1. From the table, it can be seen that customers can viewing stuff on e-commerce 42718650 times and the total cost of goods is up to 14852761161 billion USD. There are also those who enter the items they want to buy into their basket for a total of 2202437 times, with a total amount of money reaching 775274240 million USD. And customers who finally decided to buy up to 682721 transactions, which has a total of 245314384 million USD.

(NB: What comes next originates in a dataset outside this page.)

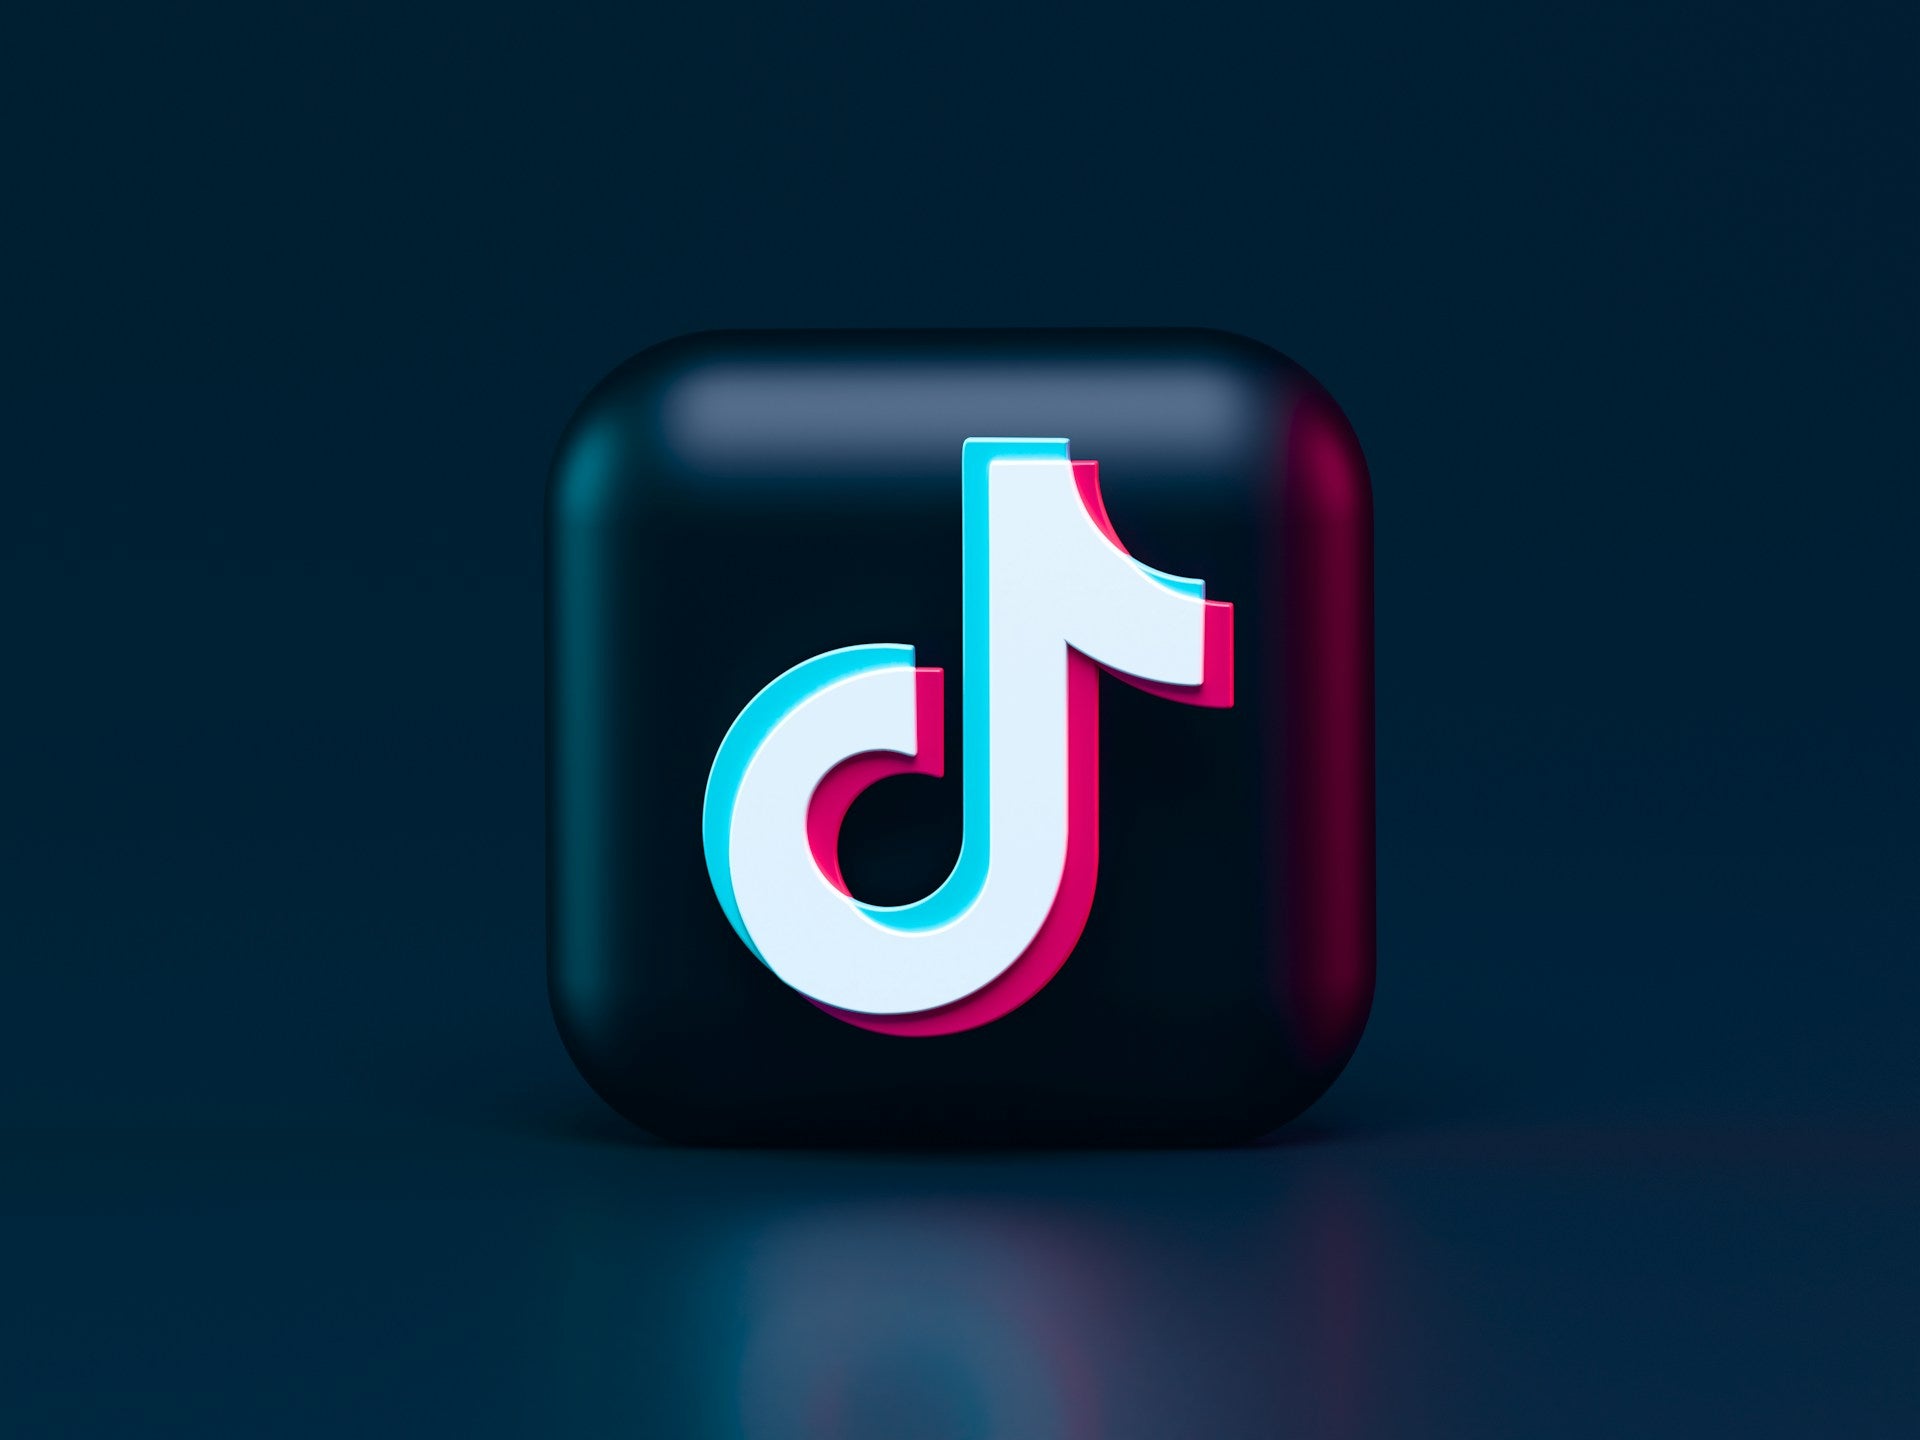 HeyWhatsNew: TikTok Has Been Given a 9 Month Deadline, and Drake Faces a Lawsuit for AI-generated Content

2. Based on the data above, the most popular products are smartphones from the Apple, Samsung and Xiaomi brands. This is shown from the purchase, view, and cart table.

3. The number of purchases made is far from viewing and adding stuff to their baskets by customers. This can be improveby giving discounts on the electronics category, especially smartphones because in that segment has a high interest value from customers.